A spectrogram peak is a frequency that is loud at some point in an audio signal. You can recognise these on a spectrogram since they will be the brightest points.

In music, these would represent the loudest notes. For example, during a guitar solo, the notes that the guitar is playing might become spectrogram peaks since they would likely be the loudest notes at that time.

A spectrogram peak is the point least likely to be affected by noise. Noise has to be louder than the spectrogram peak to make it unrecognisable and the spectrogram peaks are the loudest frequency components in the track.

To make this visual, take a look at our earlier example of a Fourier transformed signal that had noise added to it. When noise is added, the frequency peaks still retain their rough shape.

Fourier transform of a noisy signal

Another advantage of using spectrogram peaks to fingerprint audio is that they cut down the amount of data we have to store. Storing only the loudest frequency components means we don't have to store everything else. This speeds up searching fingerprints since there is less data to look through.
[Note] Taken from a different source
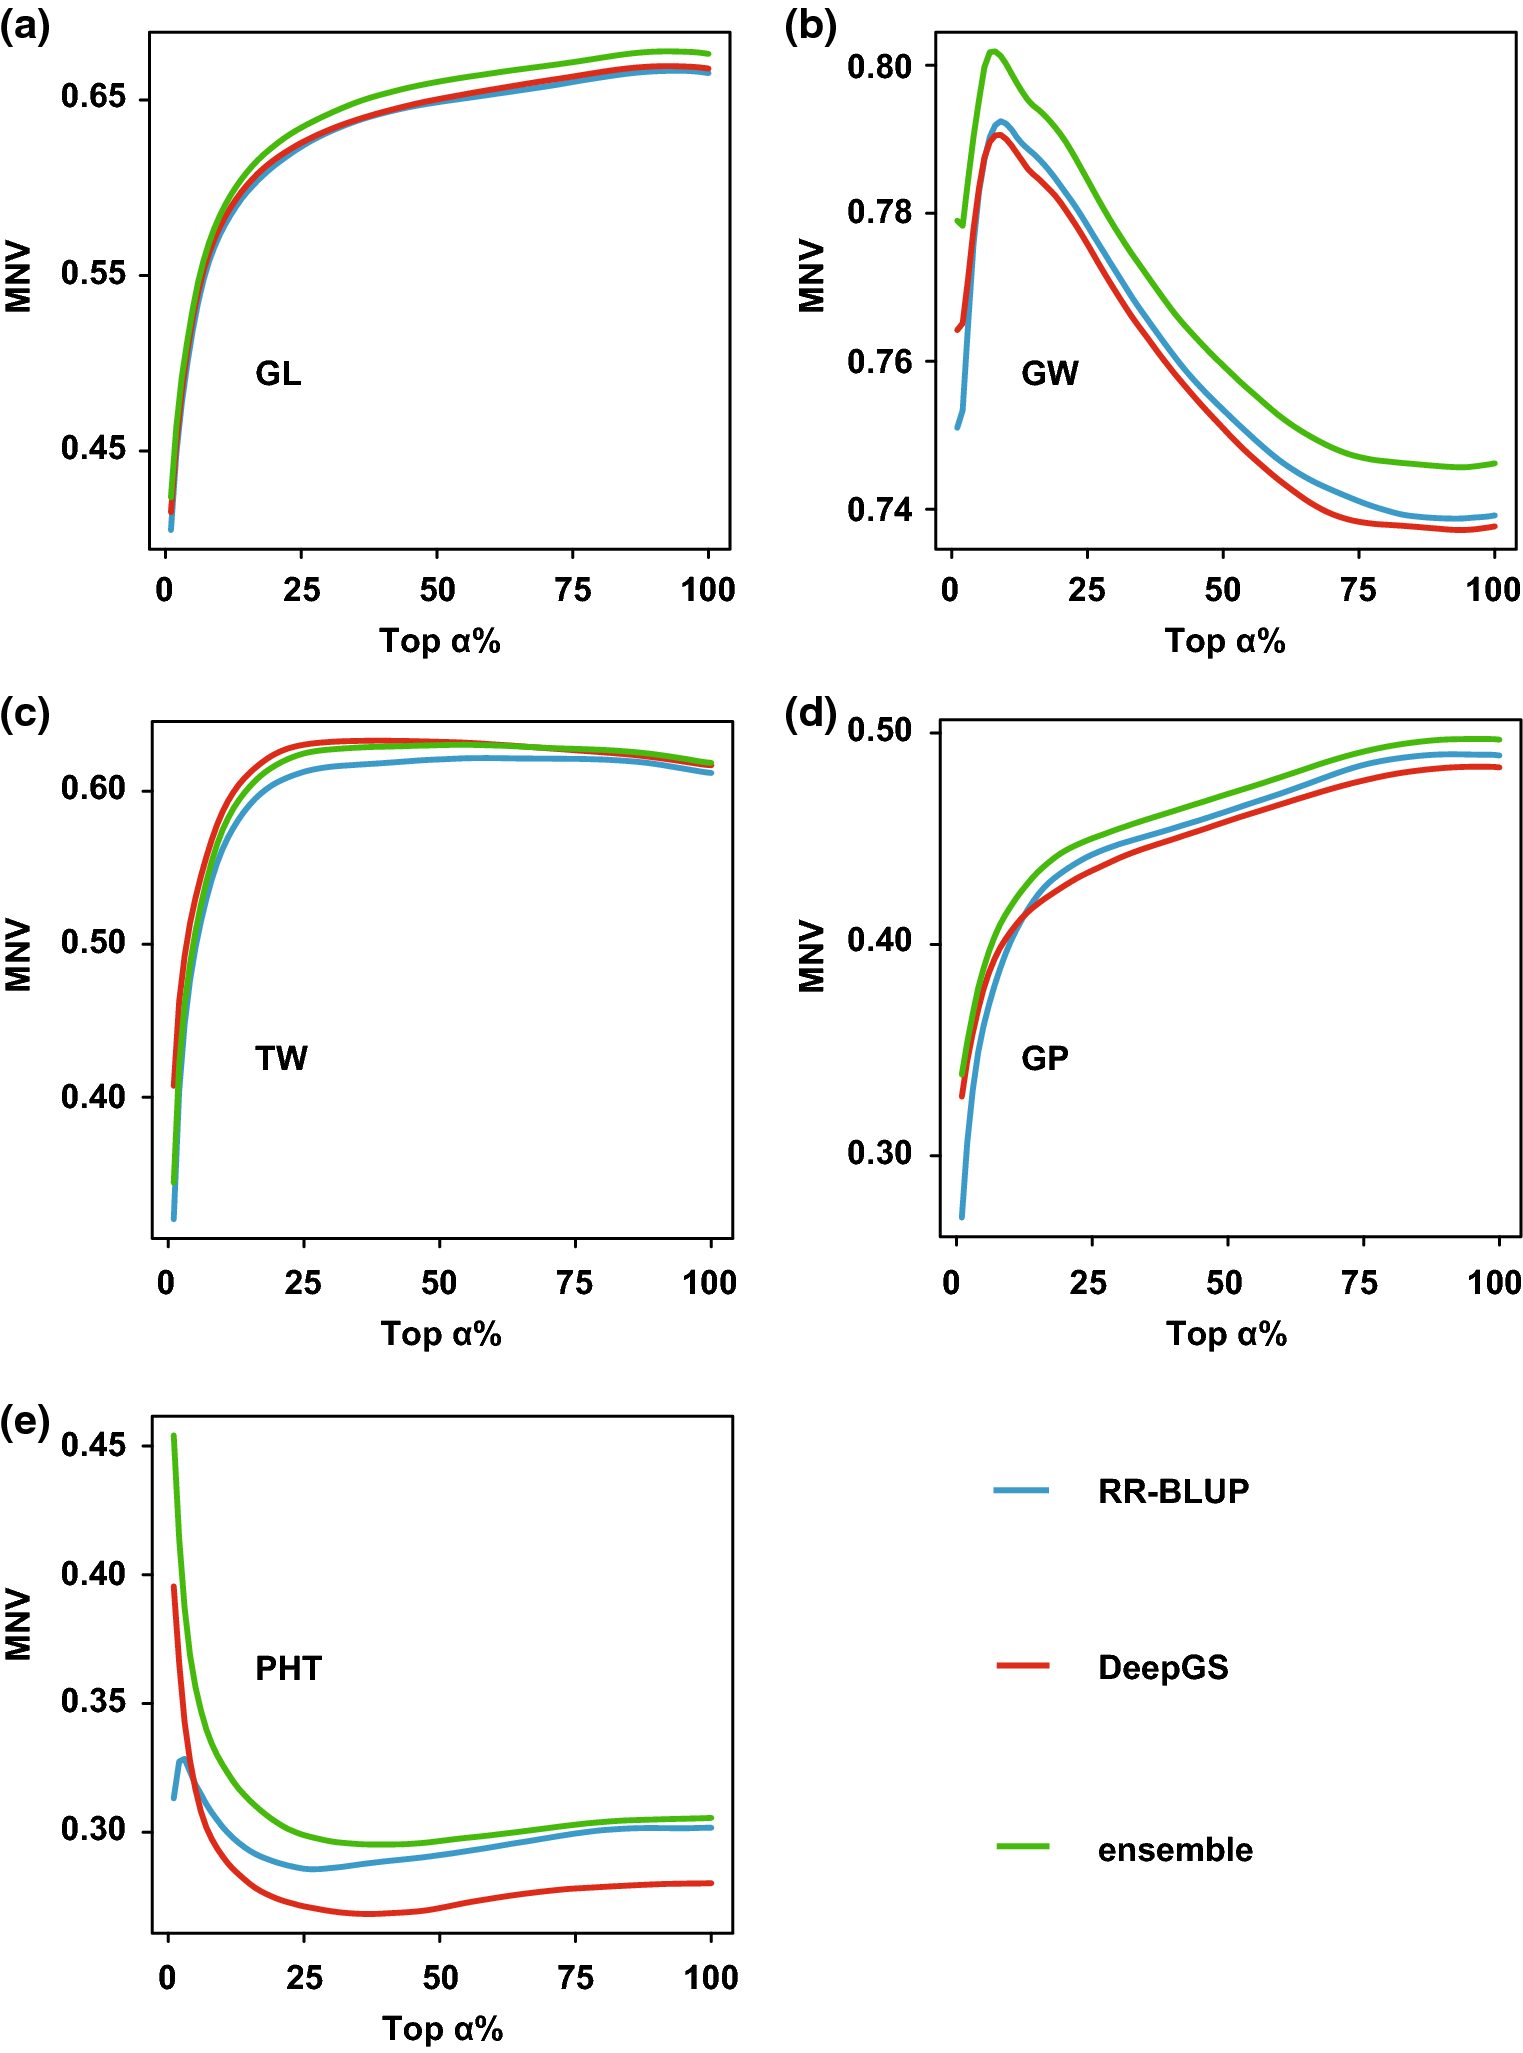 A deep convolutional neural network approach for predicting

Before we can use frequency peaks in our fingerprint though, we have to find them. In the next section, you'll learn how.

Finding peaks#

abracadabra implementation

As discussed in the previous section, the peaks of a spectrogram represent the strongest frequencies in a signal. For frequency peaks to be usable in an audio fingerprint, it's important that they are evenly spaced through the spectrogram.

It's important the peaks are evenly spaced in time, so the system can recognise any section of the song. For example, if all the peaks were at the start of the song, then the fingerprint wouldn't cover later sections:

Peaks clustered in time

In the image above, all the peaks (white crosses) are clustered at the start of the song. This means that the system can't recognise any sample from the rest of the song.

It's also important that the peaks are evenly spaced in frequency, so the system can deal with noise and frequency distortion. Sometimes noise will be very loud and concentrated at a specific frequency range, for example a car horn in the background:

In the above animation, the peaks are well-spaced in time, but are clustered into a small frequency band. When a loud noise is introduced, for example a car horn, it can make an entire section of song unrecognisable by changing which peaks are selected.

To find spectrogram peaks while keeping them well-spaced, we can borrow a technique from image processing known as a maximum filter. The process looks something like the following:

  1. Use the maximum filter to highlight peaks in the spectrogram.
  2. Locate the highlighted peaks by comparing to our original spectrogram.
  3. (Optional) Discard some peaks.

Let's run through these steps one-by-one. First, let's take a look at how the maximum filter works:

Step 1: Maximum filter

A maximum filter emphasises the peaks in an image. It does this by looking in a neighbourhood around each pixel for the maximum value and then setting the pixel to that local maximum. The following animation shows a maximum filter that looks at a 3x3 neighbourhood around each pixel:

As you can see in the above animation, the maximum filter takes each pixel of an image in turn and finds the maximum in a region surrounding it. The filtered pixel is then set to that local maximum. This has the effect of expanding each local peak to its surrounding area.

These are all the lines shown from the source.